Legacy artists are big business, and labels are using creativity and design to help bring their music to new audiences. Here, we talk to designer Erik Herrström about the branding he’s created for the singer Whitney Houston, ten years after her death

One of the hottest tickets in music last year was Abba Voyage in London. This was no ordinary comeback tour – the singers, despite all being in good health, did not appear on stage and instead were replaced by a series of ‘Abbatars’ performing the band’s hits as they looked in the 70s.

While there was interest in the technology, it was Abba Voyage’s ability to transport its audiences via the music that truly made the experience a success. Legacy musicians are, after all, huge moneyspinners. In recent years we’ve seen (another) resurgence of the Beatles via Peter Jackson’s Get Back documentaries; while Baz Luhrmann breathed new life into the story of Elvis Presley with his super-charged movie Elvis. With David Bowie coming in third place in the list of the highest paid dead celebrities of 2022 after Warner Chappell spent $250 million on his back catalogue, we can presumably expect to see the return of the Thin White Duke in some form soon too.

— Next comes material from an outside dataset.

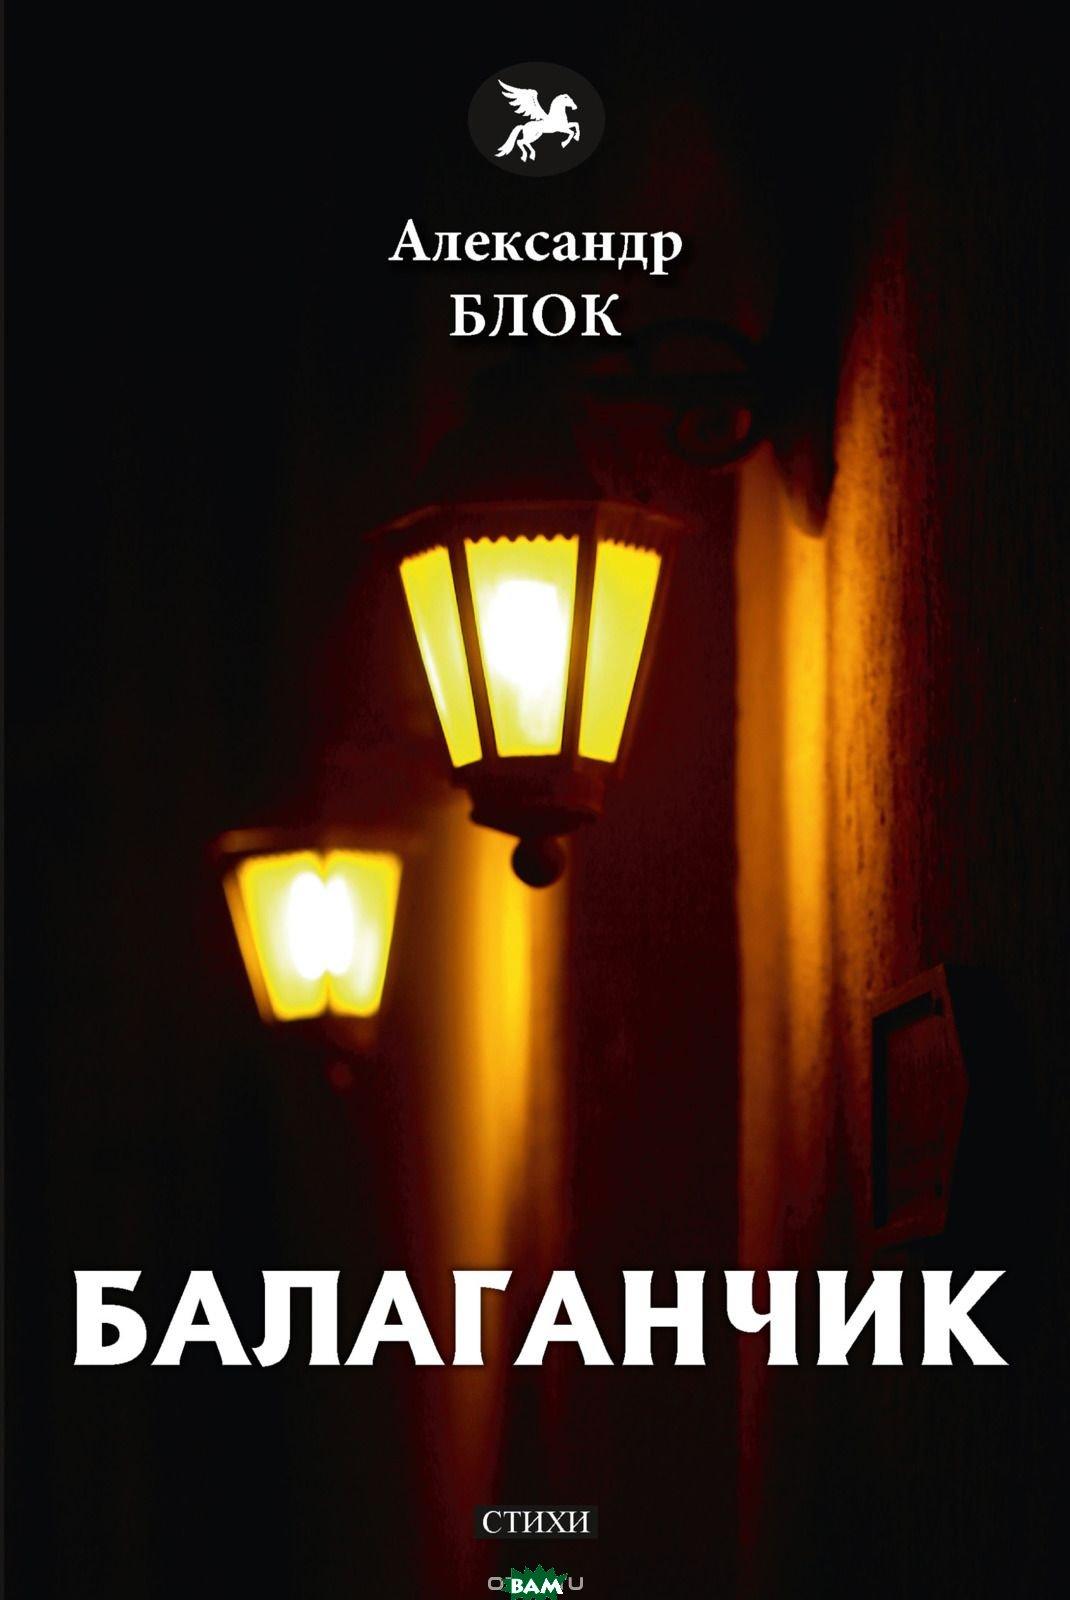 Купить Балаганчик. Том 4, T8RUGRAM, Блок Александр Александрович, 978-5-521-06992-7

In its Wrapped list of its audience’s streaming habits from last year, Spotify included a ‘throwback album’ line up of the most streamed music that was over 20 years old as part of its global trends. Spotify put this interest down to nostalgia, which is surely a significant factor, but the rise of this trend also signals the way that record labels are finding increasingly smart ways to bring old music to new audiences.